À l’occasion du prochain colloque « Juge des enfants et juge d’application des peines : des fonctions au cœur des transformations de la justice » qui se déroulera le 29 juin à l’École nationale de la magistrature (ENM), Alain Blanc, magistrat honoraire et Anne-Sophie de Lamarzelle, responsable d’études et de recherches à l’IERDJ, nous éclairent sur ces deux figures de magistrats et les enjeux portés par ce colloque.

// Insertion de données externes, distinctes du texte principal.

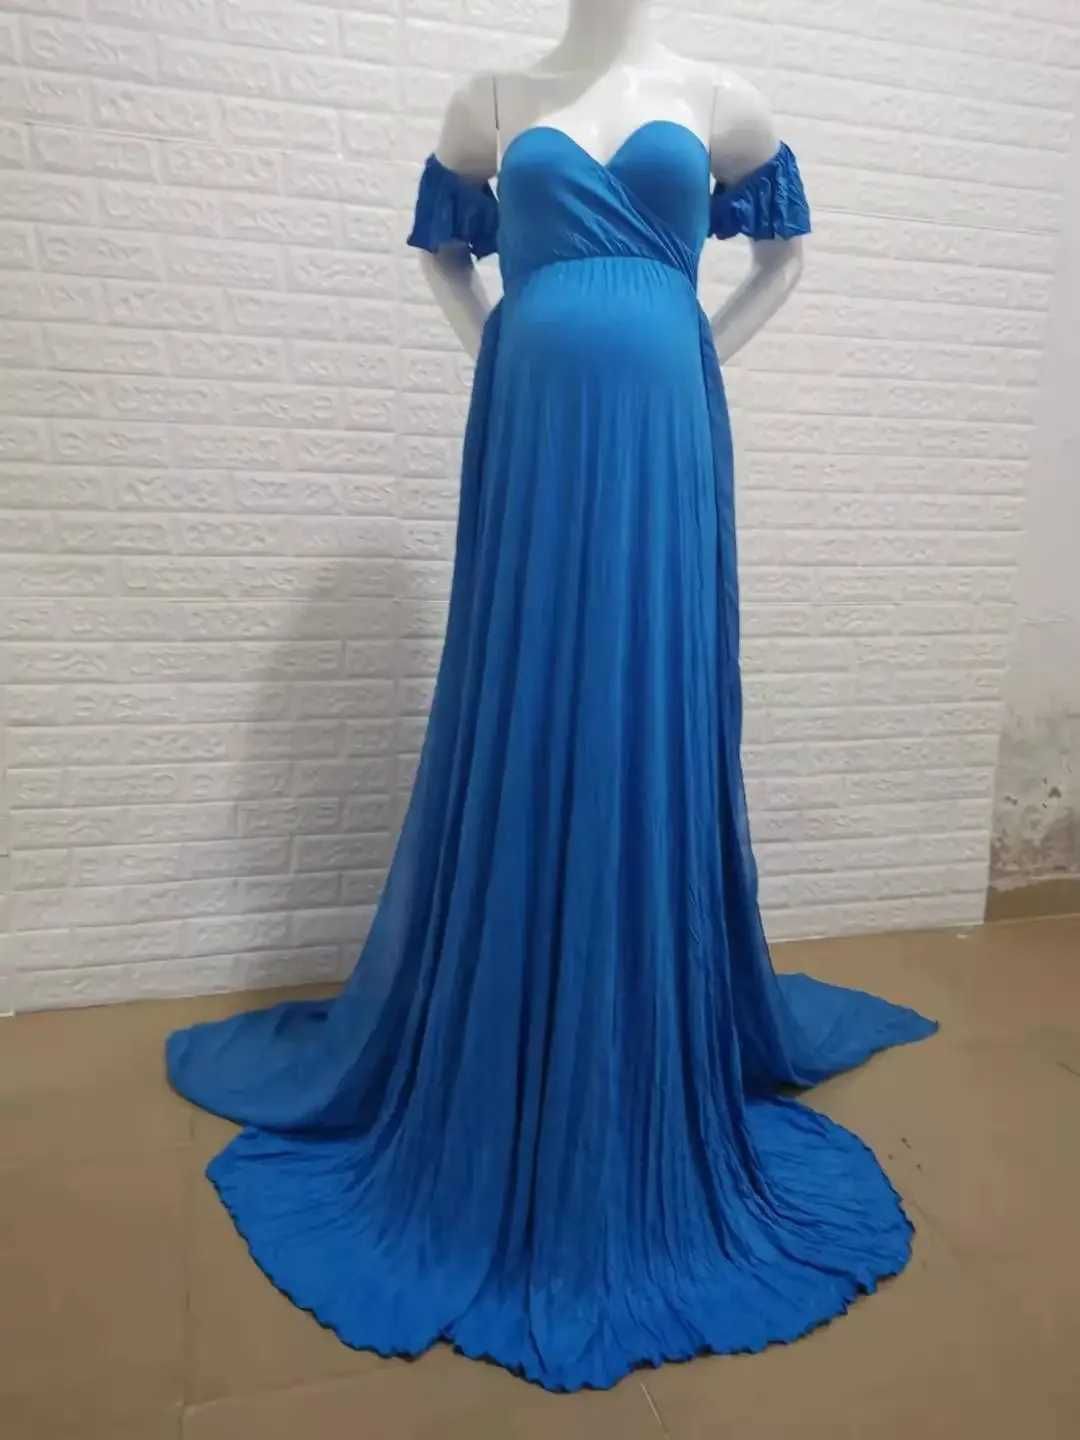 1x Blue Dress

Alain Blanc, magistrat honoraire

Pour prolonger les intuitions qui sont à l’origine de ce colloque, il serait sans doute intéressant d’explorer un sujet commun aux mineurs et aux majeurs et qui a donné lieu à des réflexions d’ordre méthodologique et éthique : comment l’audience des juges en elle-même, selon la manière dont elle est « tenue », génère des effets positifs sur le rapport à la loi du délinquant.

Alain Blanc
Anne-Sophie de Lamarzelle, responsable d’études et de recherches à l’IERDJ

Ce qui est passionnant avec les fonctions de juge des enfants et de juge de l’application des peines, c’est que leur fondement est de s’intéresser à la personne suivie. Or, cette justice, bien que centrée sur l’individu est tout sauf fermée : elle implique un large travail partenarial.

Anne-Sophie de Lamarzelle
Affiche du colloque « Juge des enfants et juge d’application des peines : des fonctions au cœur des transformations de la justice ».

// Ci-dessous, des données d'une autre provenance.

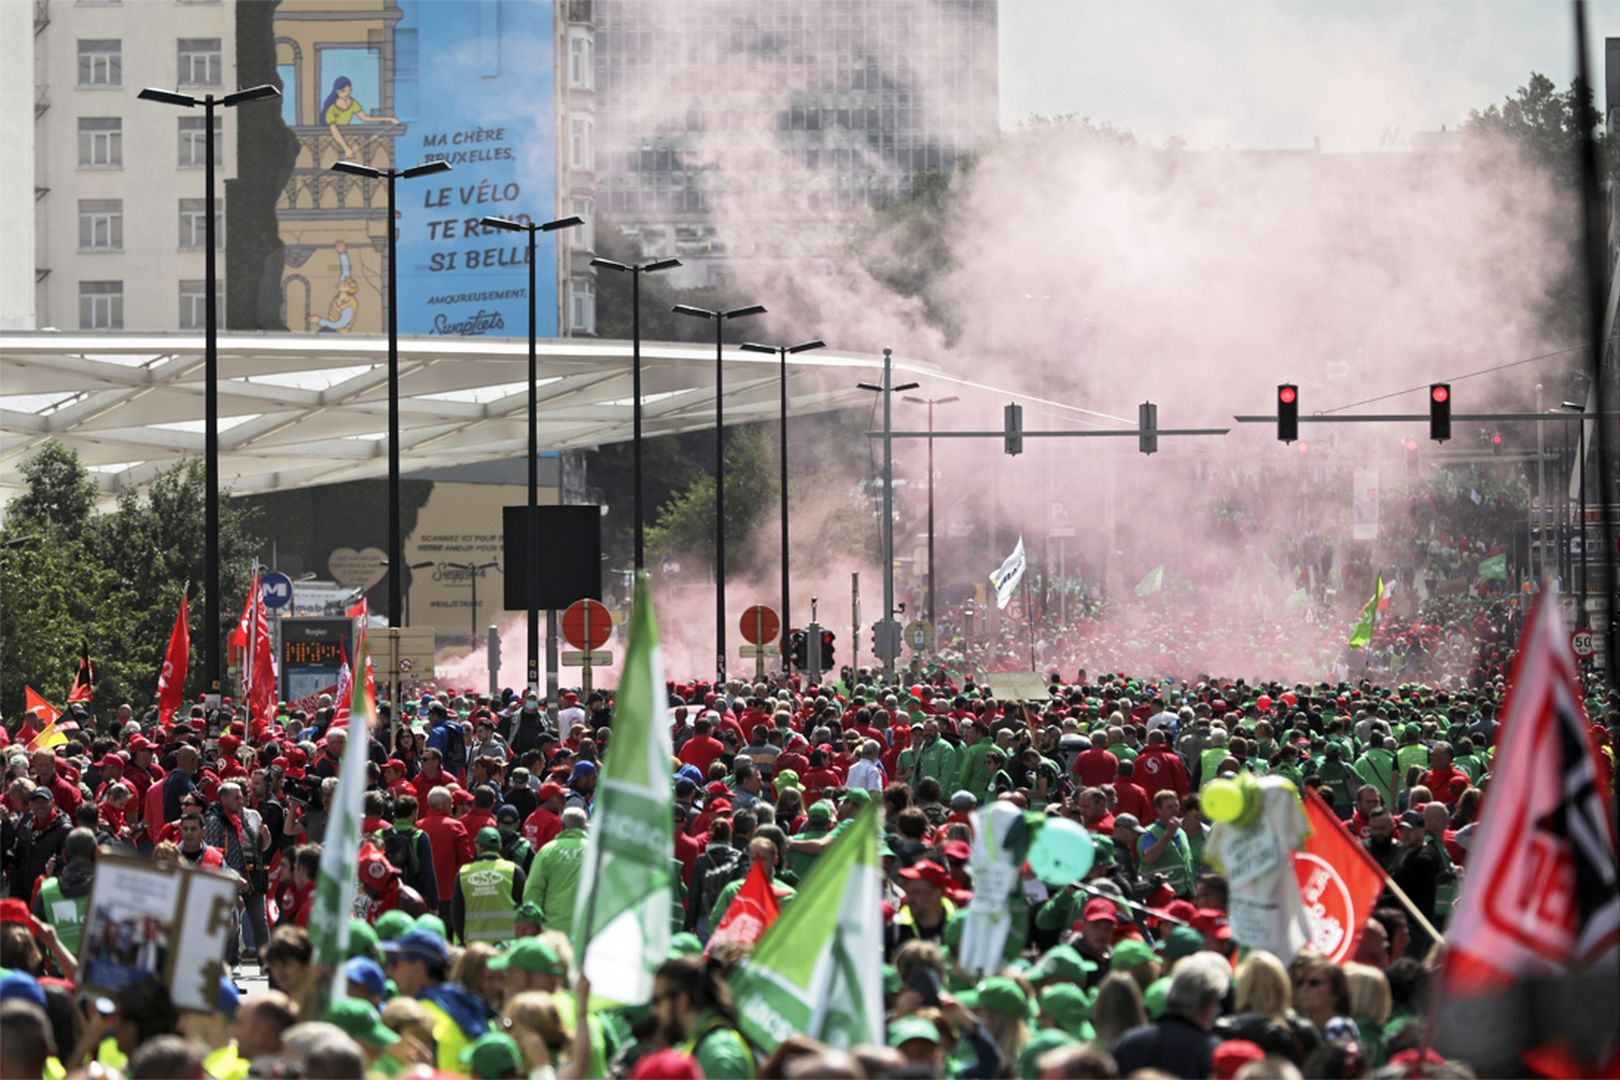 La manifestation pour le pouvoir d'achat avait rassemblé entre 70.000 et 80.000 personnes dans les rues de Bruxelles

Retrouvez le programme du colloque « Juge des enfants et juge d’application des peines : des fonctions au cœur des transformations de la Justice ».

Pour y participer : https://formation.enm.justice.fr/Pages/Accueil.aspx

Le colloque « Juge des enfants et juge d’application des peines : des fonctions au cœur des transformations de la Justice » est organisé dans le cadre d’un partenariat entre l’IERDJ, l’AFC (Association française de criminologie), l’ANJAP (Association nationale des juges de l’application des peines), l’AFJE (Association française des magistrats de la jeunesse) et l’ENM.

Le juge de l’application des peines s’adresse à des majeurs et le juge des enfants à des mineurs : pourquoi envisager ensemble dans un colloque ces deux figures de magistrats ?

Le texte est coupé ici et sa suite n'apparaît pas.